JDBC Oracle Type Example

If you code your database queries in JDBC by hand, rather than having them generated by a framework, you can use the database-specific features of JDBC -- the JDBC flavour of your database. This is more work, but allows you to optimise the queries and the data access logic. As with anything, there is a learning curve in knowing how to use the specific features. In one project I decided it was time to learn how to access the custom data structures in Oracle using JDBC. This article gives a code example of the solution.

Let us have a simple data structure, a key-value pair. We want to pass a table of these key-value objects in and out of the database.

Oracle Code:

create or replace type attr_value_type as object (
   attr varchar2(255)
  ,value varchar2(255)
  ,member function to_string return varchar2
)
/
create or replace type body attr_value_type
is
  member function to_string return varchar2
  is
  begin
    return '['||self.attr||','''||self.value||''']';
  end;
end;
/
create or replace type attr_value_tbl as table of attr_value_type
/

The three statements create:

  1. type specification for attr_value_type
  2. type body for attr_value_type
  3. table type attr_value_tbl of type attr_value_type

The type body is not needed for the logic. It only provides a to_string() function for debugging.

Java Code:

In Java, we need to define a class that is the counterpart to the record type we created in Oracle. Note that we do not need the oracle.sql package. The standard java.sql is sufficient.

import java.sql.SQLData;
import java.sql.SQLException;
import java.sql.SQLInput;
import java.sql.SQLOutput;
import java.util.Arrays;

public class AttributeValue implements SQLData{
	
	private String sqlTypeName;
	public String name;
	public String value;

	// to construct object manually
	public AttributeValue(String name, String value) {
		this.name = name;
		this.value = value;
	}

	@Override
	public String getSQLTypeName() throws SQLException { 
		return sqlTypeName; 
	}

	@Override
	public void readSQL(SQLInput stream, String typeName) throws SQLException {
		sqlTypeName = typeName;
		name = stream.readString();
		value = stream.readString();
	}

	@Override
	public void writeSQL(SQLOutput stream) throws SQLException {
		stream.writeString(name);
		stream.writeString(value);
	}
	
	@Override
	public String toString() {
		return Arrays.toString(new String[] {name, value});
	}
}

All but the last method in this class are implementations of the java.sql.SQLData interface. In my record both values are Strings, so I use the methods stream.readString() and stream.writeString(). The toString() function is again my debugging addition.

The only slightly counterintuitive thing about the implementation is the use of thesqlTypeName attribute. Although we know the value, it is set by the JDBC code.

We tell JDBC what Oracle record type the class maps to by an entry in the database connection's TypeMap.

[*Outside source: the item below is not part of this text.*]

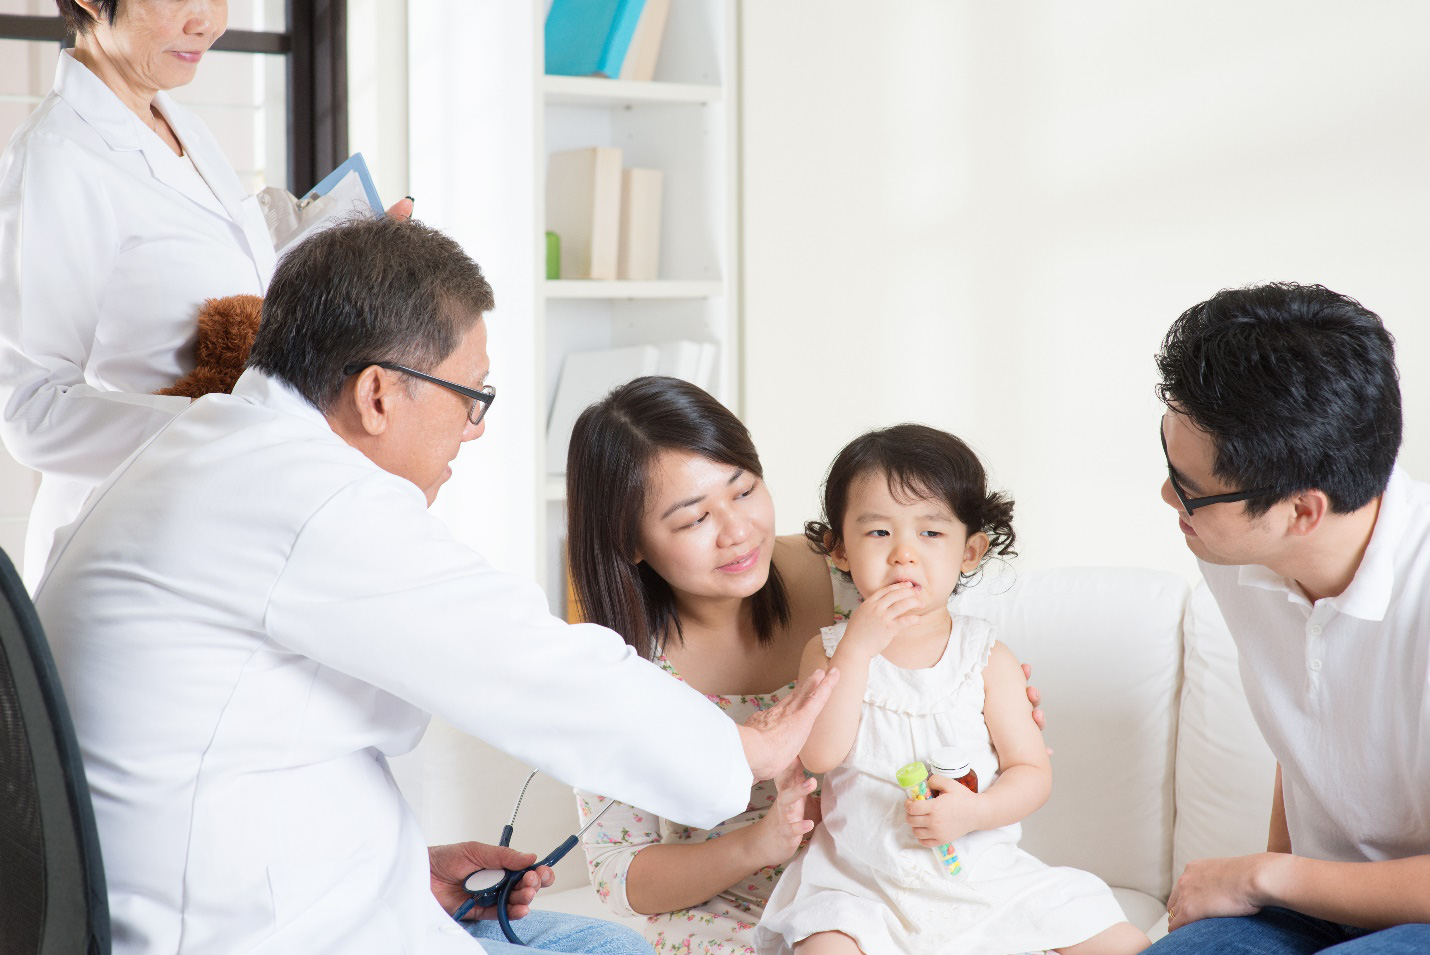 Bảo hiểm phạm vi toàn cầu - cơ hội để người Việt tiếp cận y tế chất lượng cao

	Map<String, Class<?>> myMap = conn.getTypeMap();
      	myMap.put("ATTR_VALUE_TYPE", AttributeValue.class);
        conn.setTypeMap(myMap);

This code must be run once after getting the connection object, before executing any statement involving the AttributeValue class.

We are now ready to execute an SQL statement.

    ArrayList<AttributeValue> results = new ArrayList<AttributeValue>();
    final String sql = 
        "select attr_value_type(q.attribute, q.value) attr_value from data_table q";
    ...
    rs = stmt.getResultSet();
    while (rs.next()) {
        results.add((AttributeValue) rs.getObject(1));
    }

In the SQL we select one column as a record attr_value_type(q.attribute, q.value) instead of two separate columns q.attribute, q.value.

In data fetching we use (AttributeValue) rs.getObject(1) instead of new AttributeValue(rs.getString(1), rs.getString(2)).

There is no immediate benefit other than cleaner code. We have encapsulated the mapping between Java and Oracle in the AttributeValue class and this the only thing our data fetching code now needs to know about.

The complication is that we need the Oracle record types in the database and it would probably be overkill to create them just for JDBC. If the query is heavily used, the performance should be evaluated. In my project, I used the mapping logic because I already had the Oracle record type in the SQL select statement to encapsulate the logic on the database side.

Class mapping can also help if you want to send data in the other direction and pass a Java object or its array as a bind variable to an SQL statement -- as described in the post JDBC Criteria Array. I do not have a code example, but it should not be difficult to figure out.